Frontier AI Models Vulnerable to Multi-Turn Attacks Revealed by Cisco
Attackers Refuse to Give Up: Uncovering Multi-Turn AI Attacks on Large Language Models
The notion that large language models can withstand even the most sophisticated cyber threats is being challenged by recent research from Cisco’s AI threat intelligence team.
A Significant Gap Between Publicly Stated Safety Benchmarks and Actual Resilience
An exhaustive analysis of 15 prominent models from OpenAI, Anthropic, Google, Amazon, and xAI reveals a disturbing truth: these models crumble under multi-turn attacks, exposing a significant gap between their publicly stated safety benchmarks and actual resilience.
Single-Turn vs. Multi-Turn: A Tale of Two Worlds
The researchers conducted extensive testing, covering over 30,000 single-turn prompts and nearly 7,000 multi-turn attacks spread across more than 1,400 conversations.
- Results are stark: single-turn and multi-turn evaluation produce drastically different rankings, failure maps, and tail-risk profiles.
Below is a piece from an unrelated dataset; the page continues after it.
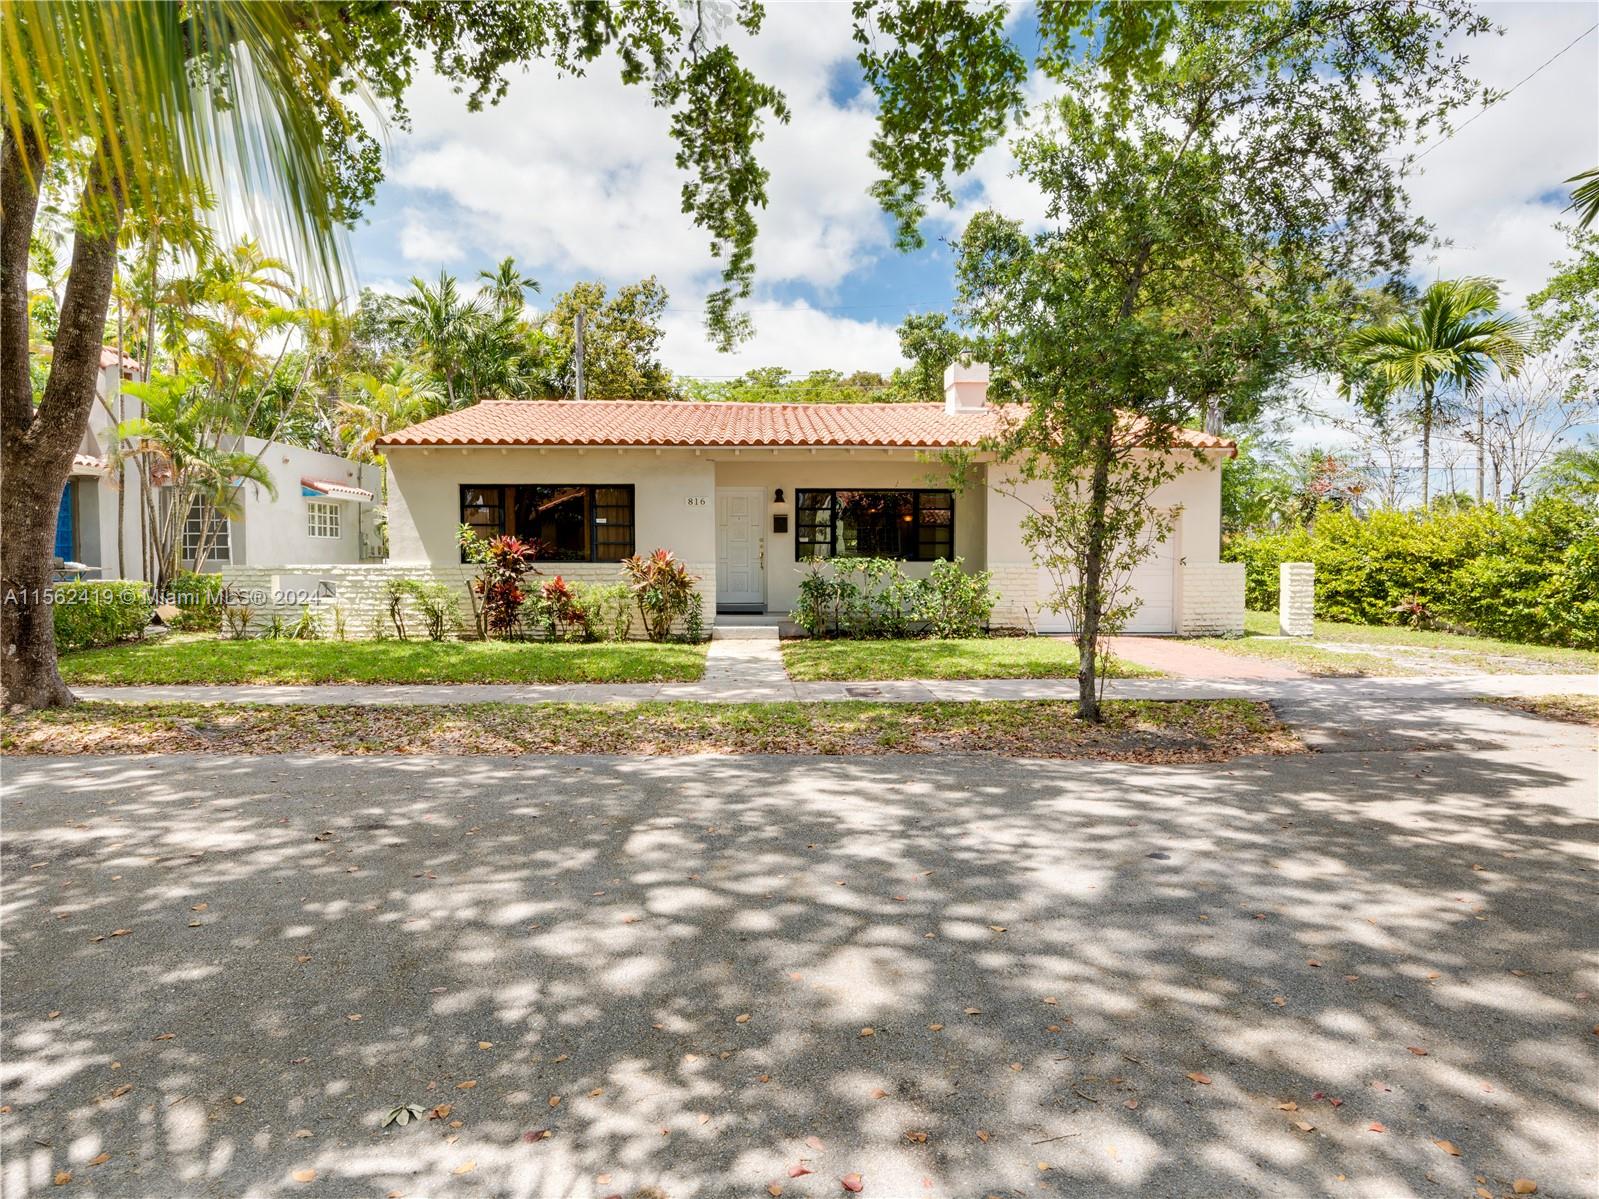 Rental Property at 816 Lorca St, Coral Gables, Broward County, Florida - Bedrooms: 2 
Bathrooms: 2  - $3,600 MO.

- While some models excel in single-turn scenarios, they falter when faced with iterative attacks.
Strategy Families Drive Multi-Turn Outcomes
The researchers identified five key strategy families driving most of the multi-turn outcomes:
- Role-play and persona adoption
- Contextual ambiguity
- Refusal reframing
- Information decomposition
- Crescendo-style escalation
These tactics allow attackers to adapt and refine their approach, exploiting weaknesses in the models’ defenses.
Guardrails Reduce Risk but Fail to Eliminate It
Production deployments of large language models typically incorporate additional safety layers, such as guardrails.
- While these measures help mitigate risks, they cannot eliminate them entirely.
- Amy Chang emphasizes that the base model sets the floor on what any production system can achieve, making it essential to consider the model’s inherent vulnerabilities when evaluating its overall security.
Operational Steps for Organizations Buying or Deploying AI Models
Organizations buying or deploying AI models should prioritize the following operational steps:
- Publish ASR by strategy family on every model release.
- Gate deployments on regressions in the top three procedures and content types using a 3-point threshold.
- Flag any model with a cross-regime gap above 15 points for manual review.